# 1939 dkw F7 conver to EV , is possible ? what cost ?



## owex (Mar 11, 2013)

Hello, 

Couple of years ago I have buyed a wreck ..... DKW F7 . most of caroserie is wood combined with steel. I guess the weight of the car is not so much . since i do not have any engine and gearbox , i was thinking maybe i can convert it to electric car . 
anyone have any ideea what parts would i need and what would be the total cost for that ?
I am ready to get dirty and do the hand work, but i have no experience and i am not a electrician 

I have most of caroserie parts, so is like a complete car with no engine and accesories. I am looking to be able to drive the car for 100 miles at a speed of 40 mph.

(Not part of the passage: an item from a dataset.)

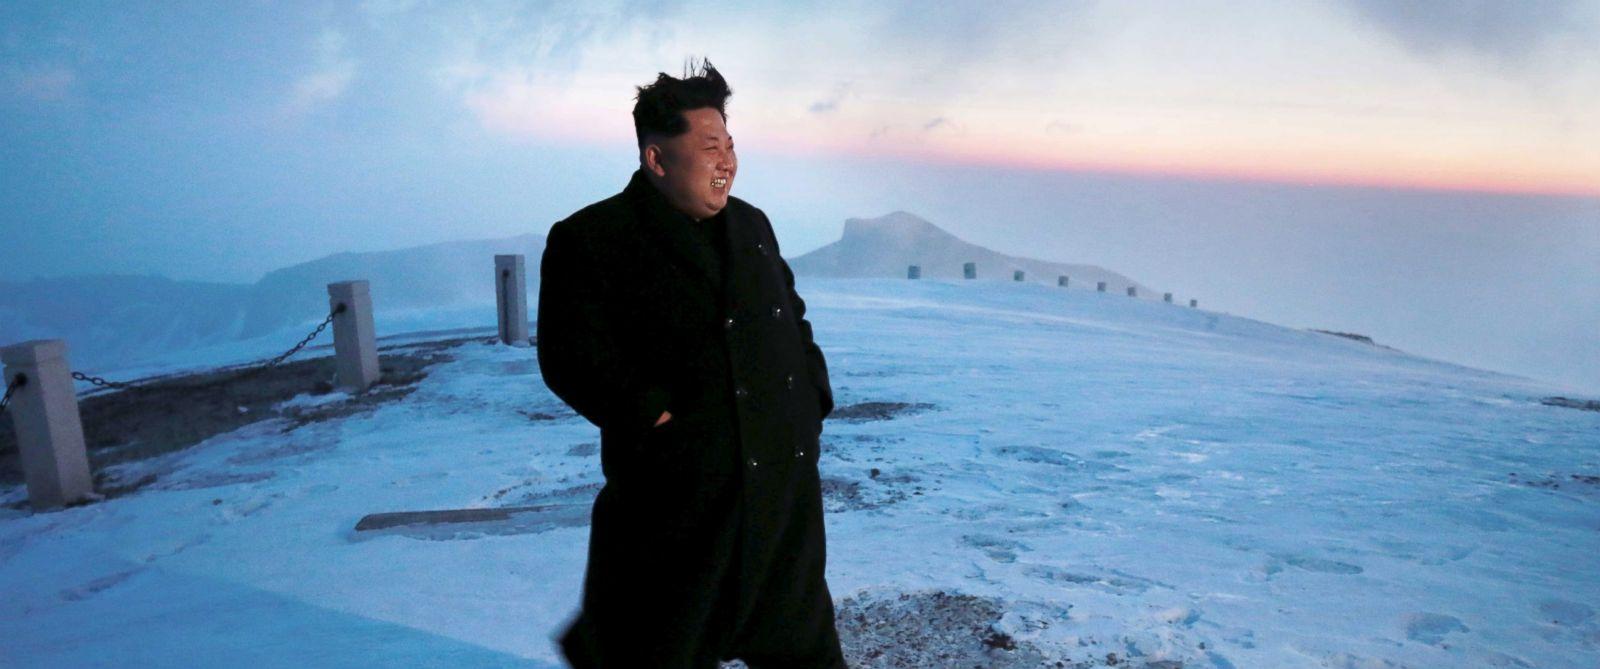 Kim Jong-Un after supposedly scaling the 9,000ft Mount Paektu one morning.

here are some photos with the wreck :


----------



## Ziggythewiz (May 16, 2010)

Cool car!

While EV conversions may be expensive, restorations can easily be more expensive. If you clean the rust off that thing, how much will be left?

A conversion's cost depends on your requirements. How quick, how far?


----------



## owex (Mar 11, 2013)

Ziggythewiz said:


> Cool car!
> 
> How quick, how far?


I am looking to be able to drive the car for 100 miles at a speed of 40 mph.

the metal is in good shape even after sandblast


----------



## Ziggythewiz (May 16, 2010)

For that range you're probably looking at $8-10k for the battery pack, plus $3-7k for the rest depending on how much you DIY vs buy COTS.

That's after the restoration. Good to hear it's holding up.


----------



## owex (Mar 11, 2013)

Ziggythewiz said:


> For that range you're probably looking at $8-10k for the battery pack, plus $3-7k for the rest depending on how much you DIY vs buy COTS.


it is more expenceive then i have my budget for this  why is EV so expenceive ???
Can anyone please make a list of the parts I need ? using plain english that even a moron like me can understand , maybe a clear explanation of each part what is doing ?
Thank you


----------



## owex (Mar 11, 2013)

thank you , I'll do the search 
sory for asking before searching carefully , however i am sure i will have more questions after reading my search results


----------



## Yabert (Feb 7, 2010)

owex said:


> it is more expenceive then i have my budget for this  why is EV so expenceive ???


An EV with a top speed of only 40 mph can cost less.

Lets say, low range (30-40 miles), low power (30-40 hp), using 72v controller, used forklift motor, that can cost around 5K$


----------



## Ziggythewiz (May 16, 2010)

owex said:


> it is more expenceive then i have my budget for this  why is EV so expenceive ???
> Can anyone please make a list of the parts I need ? using plain english that even a moron like me can understand , maybe a clear explanation of each part what is doing ?
> Thank you


Battery packs usually cost ~$80-180 per mile of range. Light weight and lower speed put you at the lower end of that but long range always drives the price up.

Here are some links for starters:
Where to start
EV Wiki
Parts List


----------



## owex (Mar 11, 2013)

i have done alot of reading ....hiuuuu , this is hard . for sure is not as simple as it looks at beggining . ... 
i am pretty sure i will need ALOT of advices from experience users .
Any1 from European Union on this forum ?


----------



## Jan (Oct 5, 2009)

owex said:


> i have done alot of reading ....hiuuuu , this is hard . for sure is not as simple as it looks at beggining . ...
> i am pretty sure i will need ALOT of advices from experience users .
> Any1 from European Union on this forum ?


A few. You're from Germany? 

If you want to go AC, there are still some motors and inverters for sale from the Azure Dynamics liquidation:

Inverter:

http://www.ebay.co.uk/itm/AZD-DMOC-...arts_Vehicles_CarParts_SM&hash=item3cce2e887d

Motor:

http://www.ebay.co.uk/itm/Azure-Dyn...arts_Vehicles_CarParts_SM&hash=item3cce2e78cc

It's not an easy option. But if you really want AC and are prepared to learn a lot, this is a once in a very long time offer. 

I picked up a combo myself from the Netherlands. 1500km in one day. No import or export charges and no taxes. The list price or if you make an offer is what you pay. The transportation costs where my petrol and ferry.


----------